Investor: Recommended for young aggressive investors
Investment Horizon: 3 years plus
|These funds can be very useful in scaling wealth ladder with their dynamic asset allocation.|
5 Reasons Why Should You Invest in Mutual Funds
#1 Portfolio Diversification
Mutual funds provide exposure to a variety of stocks and fixed income instruments. For example, if you buy shares worth Rs 500, you’ll get one of two inventories. But when you invest that money through an MF, you’re spending the same amount in several stocks and other securities.
#2 Flexibility in Investment
Investment in mutual funds starts as low as Rs 500. You can build your portfolio over time through a Systematic Investment Plan (SIP). Also, if you have any idle cash, you can invest it in MF as a lump sum investment.
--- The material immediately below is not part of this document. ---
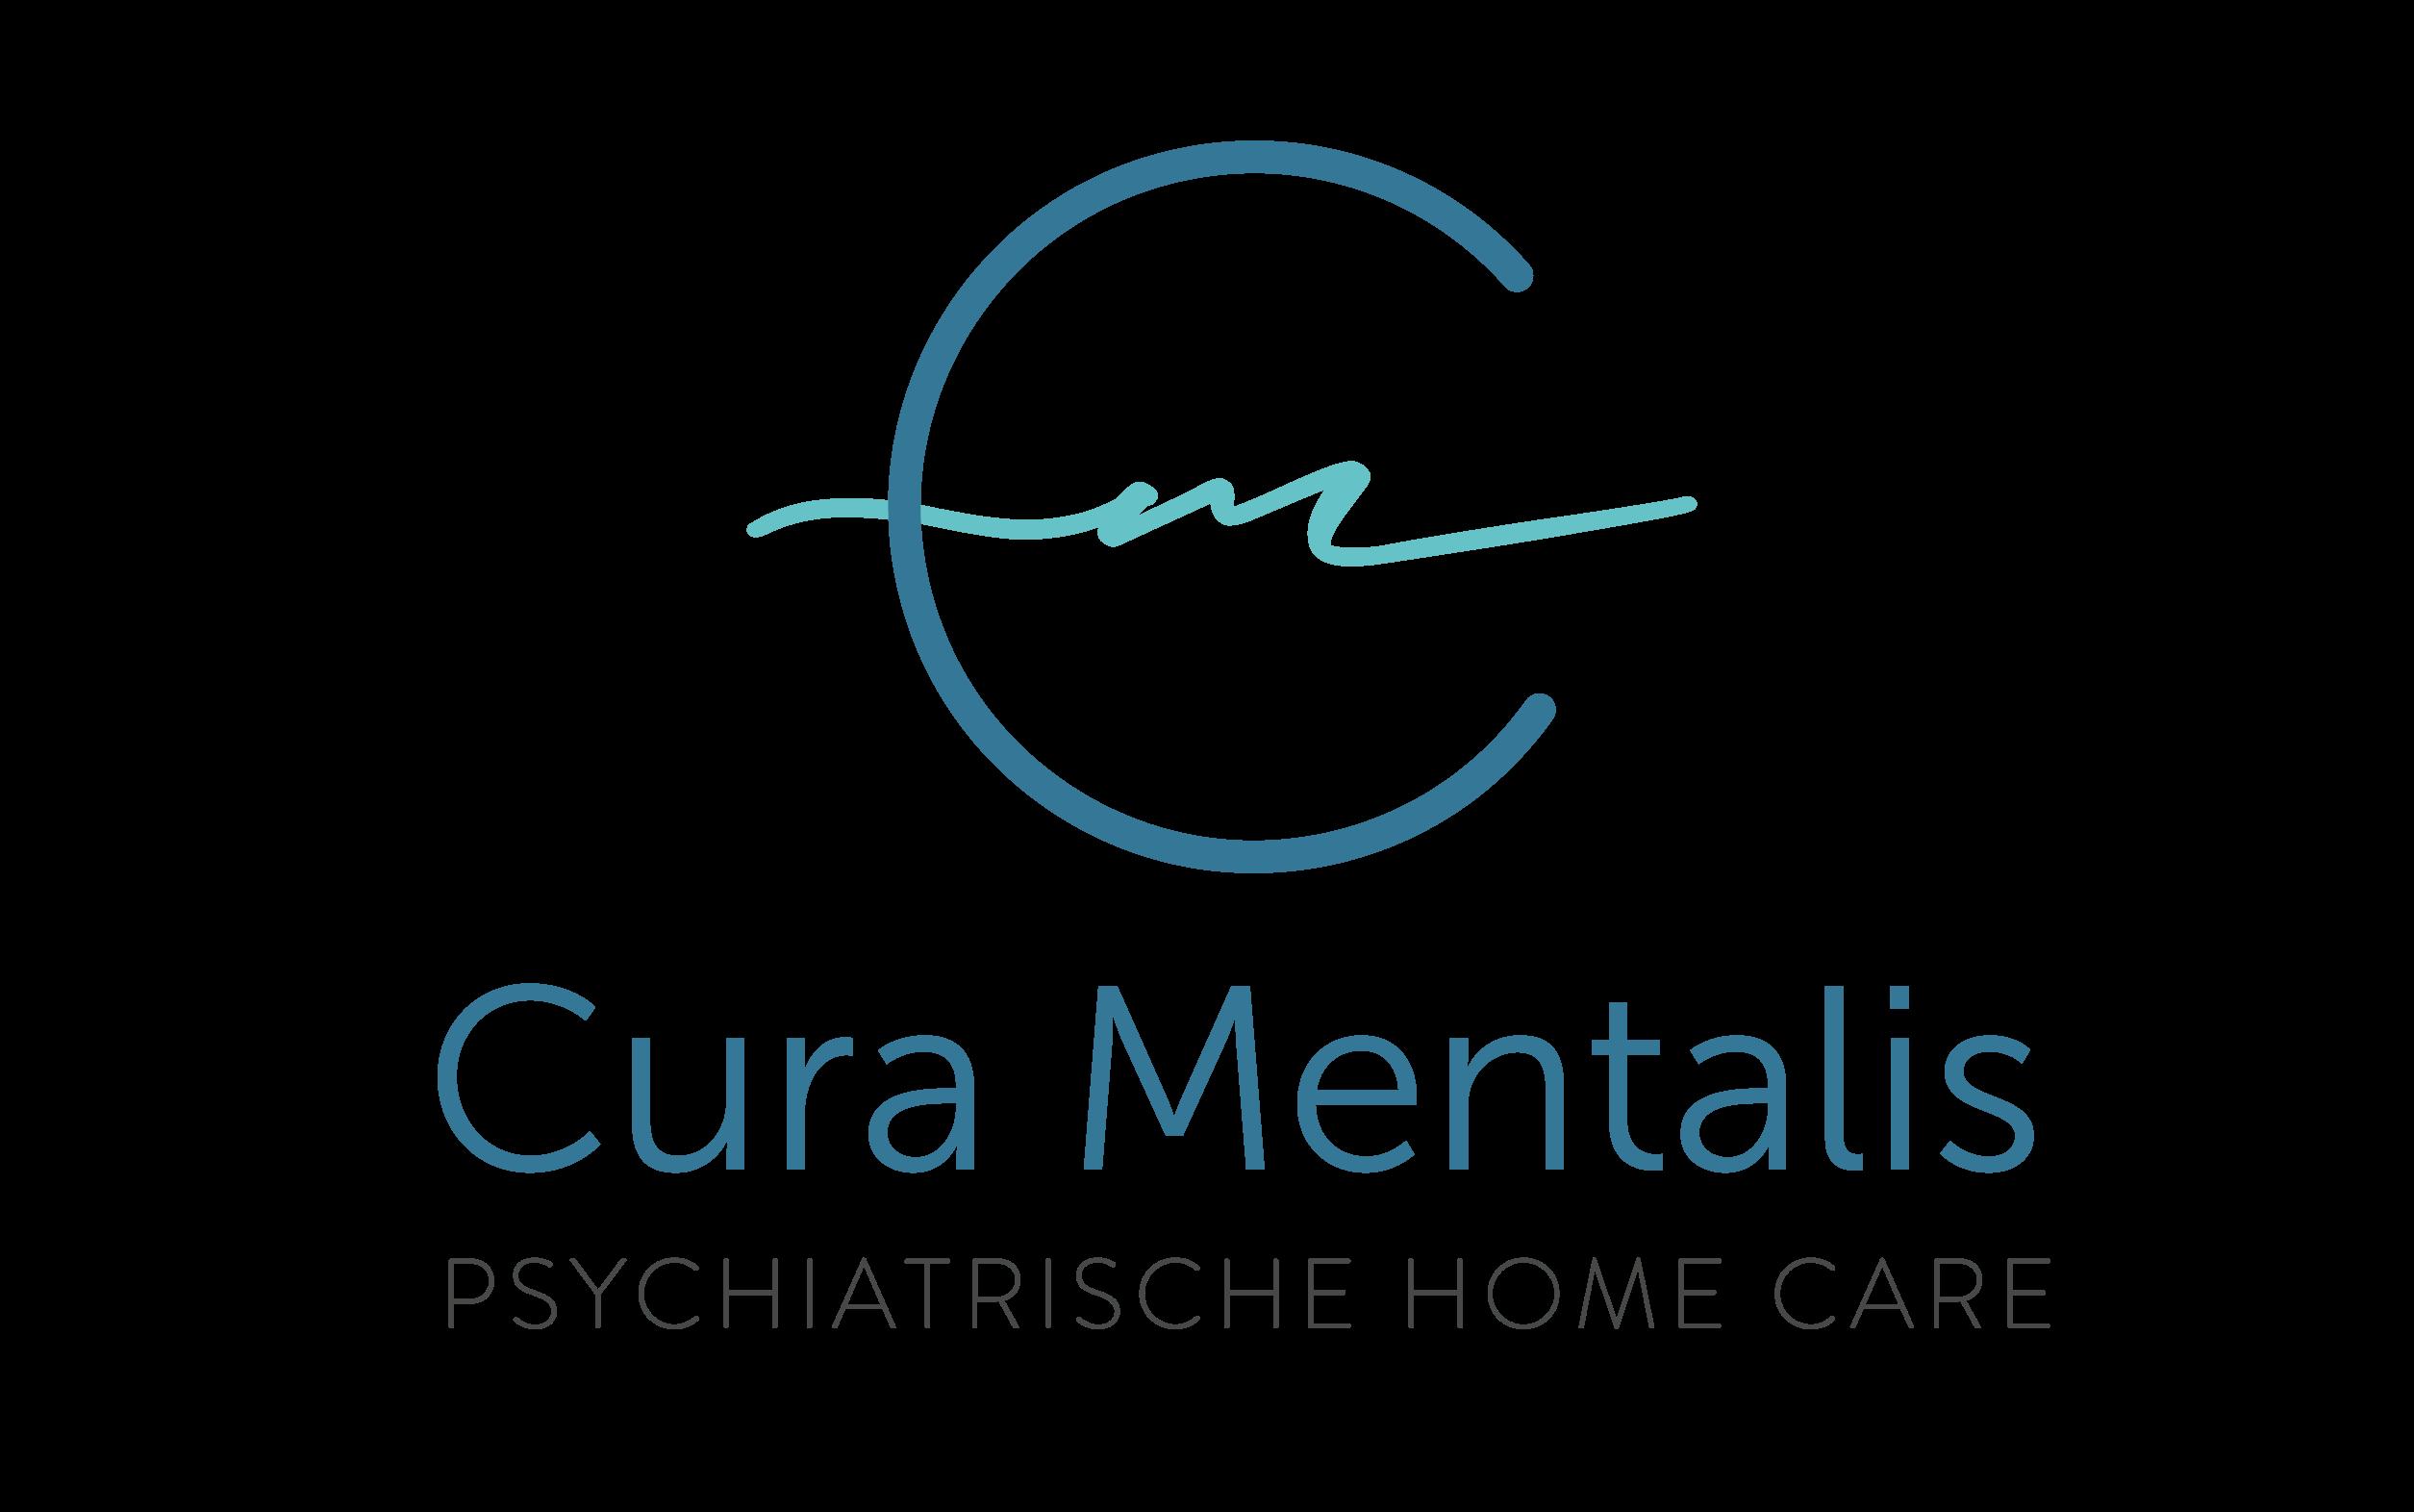 Logo Cura Mentalis farbig

Lumpsum investment starts from Rs 5000 only.
#3 Professional Fund Management
Fund managers and business analysts, working in an AMC, wake up every morning with one goal – to research, study, and analyze potential holdings for the fund’s corpus. They use all their resources to determine which stocks can generate a decent profit in the near future.
#4 High Liquidity
To meet your urgent financial needs, you can sell your MF holdings at any point in time. The money will hit your bank account within two days of redemption. Some funds even do instant credit. They send the cash your way within a couple of minutes.
#5 Choose from a Wide Range of Funds
We have discussed this part in the previous segment. Depending on your risk-taking capability, you can select a fund that suits your needs. You can also opt for sector-specific funds, tax savings funds, and dividend-paying funds. In a nutshell, there’s a fund for everyone.
How to Buy Mutual Funds in India?
Mutual funds can be brought through online and offline mediums. However, before investing in any MF, you have to register yourself as a client by filling up SEBI’s Know Your Customer (KYC) questionnaire. You can complete the whole KYC procedure online with any five SEBI-registered KYC Registration Agencies (KRA). Here’s the checklist for KYC completion.
- Valid proof of identity i.e., Pan card
- Valid proof of address i.e., Aadhar card, Voter’s identity card, etc
- Personalized cancelled cheque
- Passport-sized photograph
- Net banking enabled bank account
How to Buy Mutual Funds Online?
Once your KYC application is verified by SEBI, you can start purchasing MFs online. Here’s how it can be done.
- Select a specific fund first and go to their website
- Create an account with the AMC of your selected fund
- Now choose your desired scheme and select the plan type as Direct. After selecting a Direct plan, you will get the Growth and Dividend option. Choose the option that matches with your financial goal
- Then, you will have to fill out some additional information like investment amount, investment type, nature of holding, investment adviser code, mode of payment and bank account details
- After submitting all this information, you’ll be redirected to the payment gateway page. Process the online payment successfully to complete your online MF purchase
How to Buy Mutual Funds Offline?
If you’re not so tech-savvy and wants investment to be made in traditional ways, you can choose the following offline modes for mutual fund investment.
- By Visiting AMC Office: If you want a direct scheme for yourself, you can visit the AMC office. There you’ll have to fill up the common application form along with submitting necessary documents. If you’re investing through SIP, submit your mandate form to enable AMC for auto-debit from your bank account.
- Through a Mutual Fund Advisor: If you need guidance in choosing the right fund for yourself, you can take the help of a mutual fund distributor. He or she will help you with documentation as well as selecting the best fund catering to your needs.
You can benefit from professional management of investment using mutual funds as investments. Select mutual funds as per your risk appetite and enjoy long-term growth in your wealth while you build your life.